Drugs aimed to be tested in Inmunobiogram® – Arthritis are:

 Clasicc DMARDs

 

Corticoids

 

New medicines

Methotrexate

Hydroxychloroquine


Metilprednisolone


 

Tofacinib

Leflunomide

Tacrolimus


 

 

 

Sulfasalazine

Ciclosporin


 

 

 

Inmunobiogram®- AR is an In Vitro Diagnostic laboratory test that is expected to combine a biotechnological KIT and a software for data interpretation. Inmunobiogram® bioassay is to be read with a luminometer or similar device. An automatic mathematical algorithm will be developed that, using rough data directly coming from the luminometer, would offer a SCORE that evaluates patient´s individual sensitivity to the immunosuppressant panel of drugs. Due to its design and easy-to-read output, we anticipate it will be easily used in the clinical setting.

A European patent was presented in 2017 to protect this invention and further IP protection is foreseen for IMBG-AR.

BH-Arthritis Study

BH-Arthritis study is a clinical study to be conducted between 2018 and 1-2Q 2019 to evaluate the feasibility and potential clinical utility of a specifically-developed Inmunobiogram® for Rheumatoid Arthritis.
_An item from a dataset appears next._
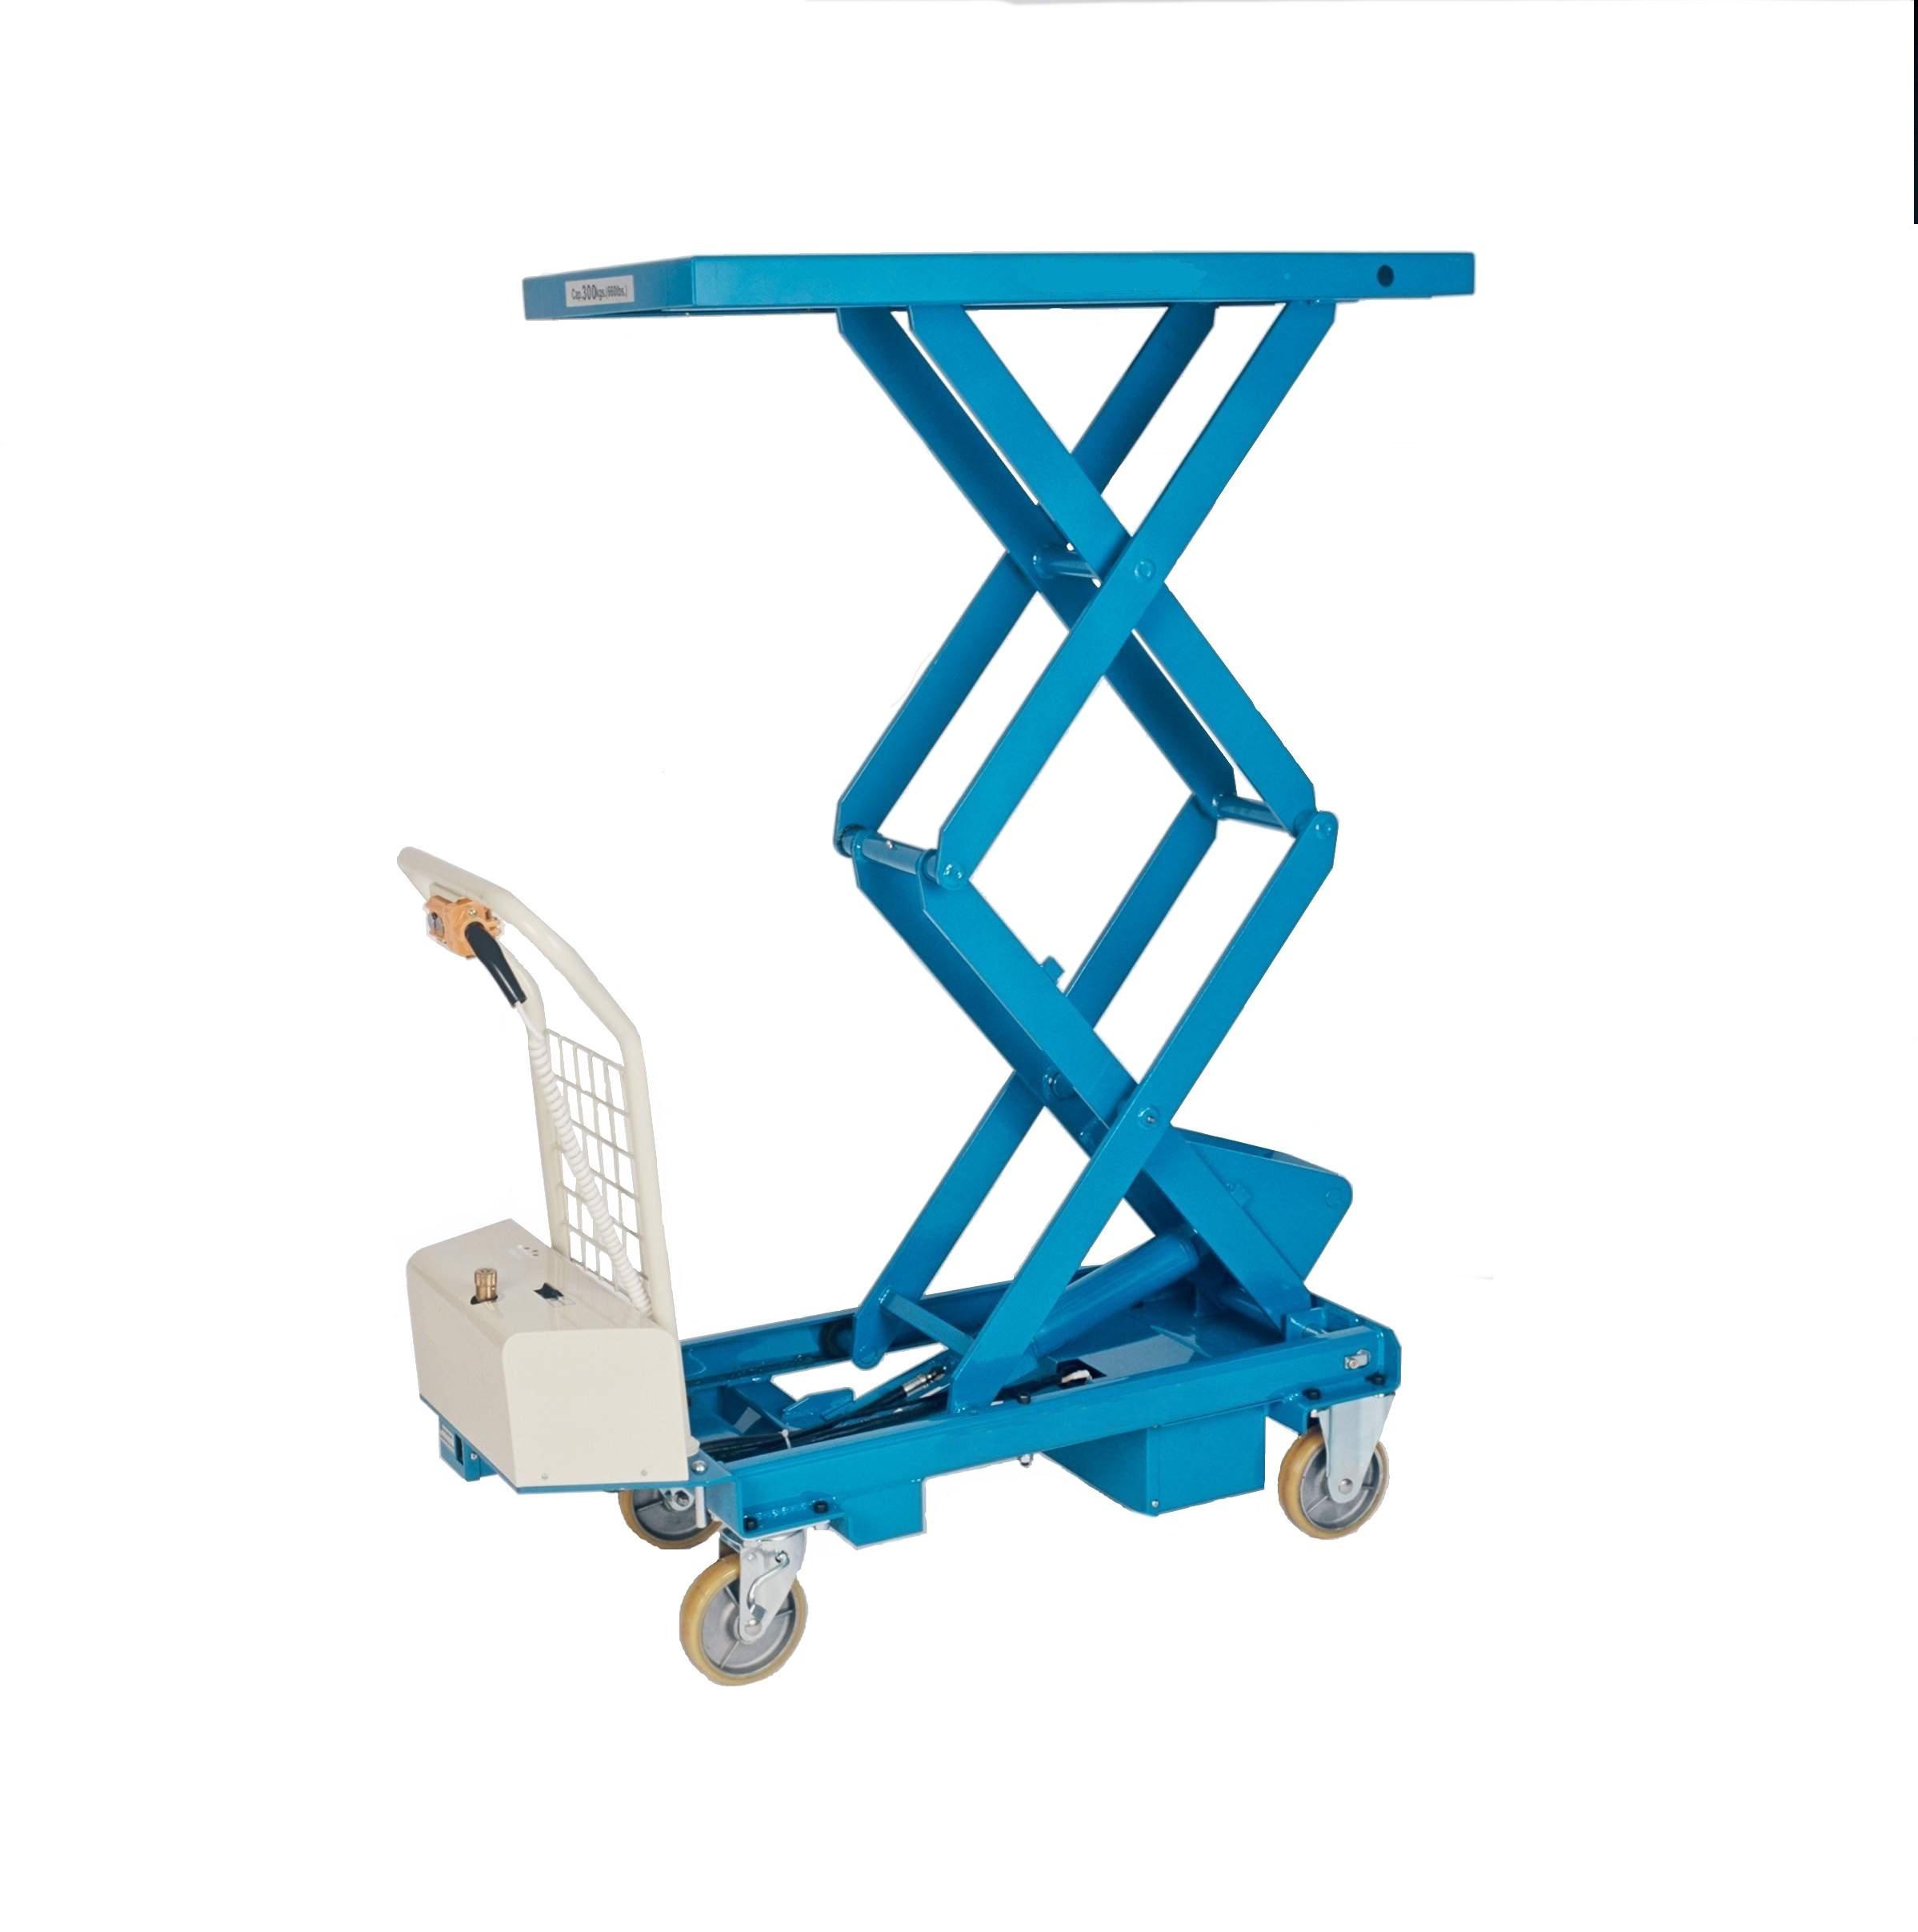 Fahrbarer Hubtisch mit Doppelschere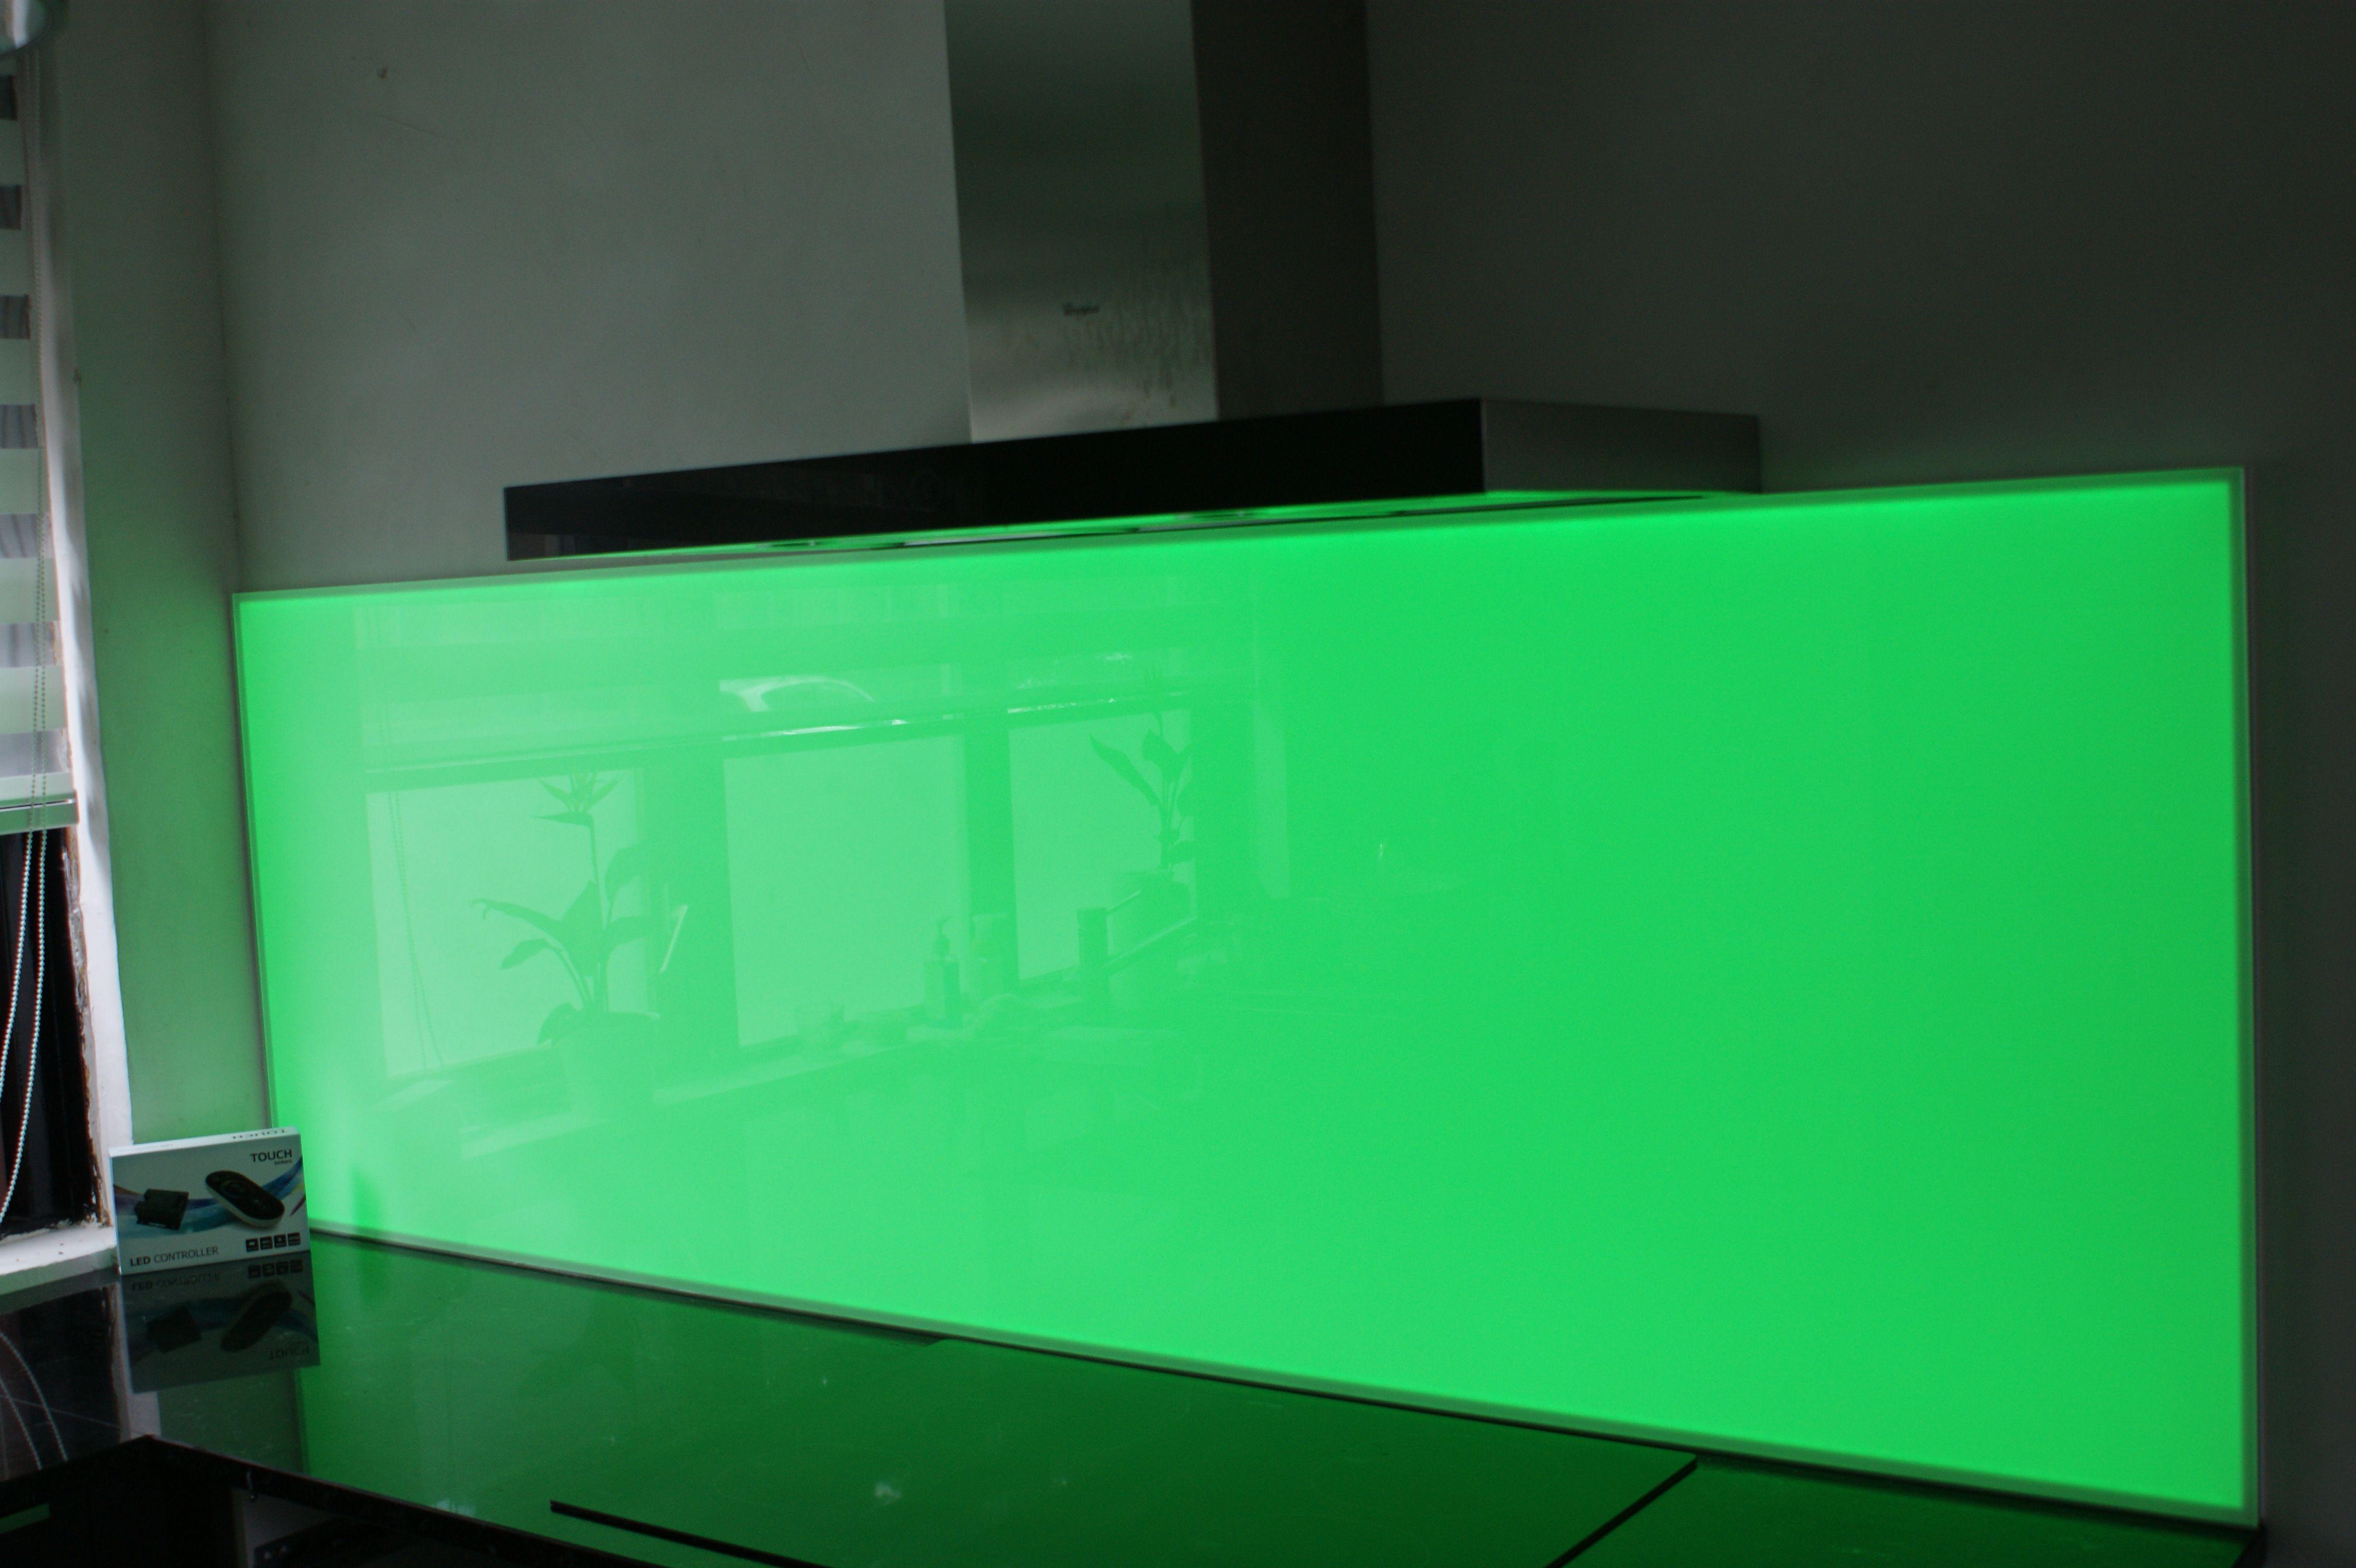 keukenglas met led verlichting achter het glas led verlichting is in te stellen in alle

It will include 100 Rheumatoid Arthritis patients classified in the following categories:

  1. Naïve patients (DAS>2)
  2. Chronic patients under treatment with DMARDs with low disease activity
  3. Chronic patients under treatment with DMARDs with high disease activity

We expect BH- Arthritis to be a clinical study that would demonstrate:

  1. Inmunobiogram-AR (IMBG-AR) will be feasible in patients with Rheumatoid Arthritis at various disease stages and clinical scenarios.
  2. Inmunobiogram-AR (IMBG-AR) will offer as an output an in vitro potency evaluation of Immunosuppressant drugs (IMs) that will be correlated with sensitivity grades of the patient to a panel of IMs.
  3. A significant proportion of patients with non-controlled RA will show low-sensitivity patterns in IMBG-AR to the medication they are taking.

This first-in-clinic study is to be done in collaboration with the Rheumatology Unit of “Reina Sofía” Hospital (Córdoba) and “Maimonides Institute of Biomedical Research”, and it is expected to start in 2Q2018.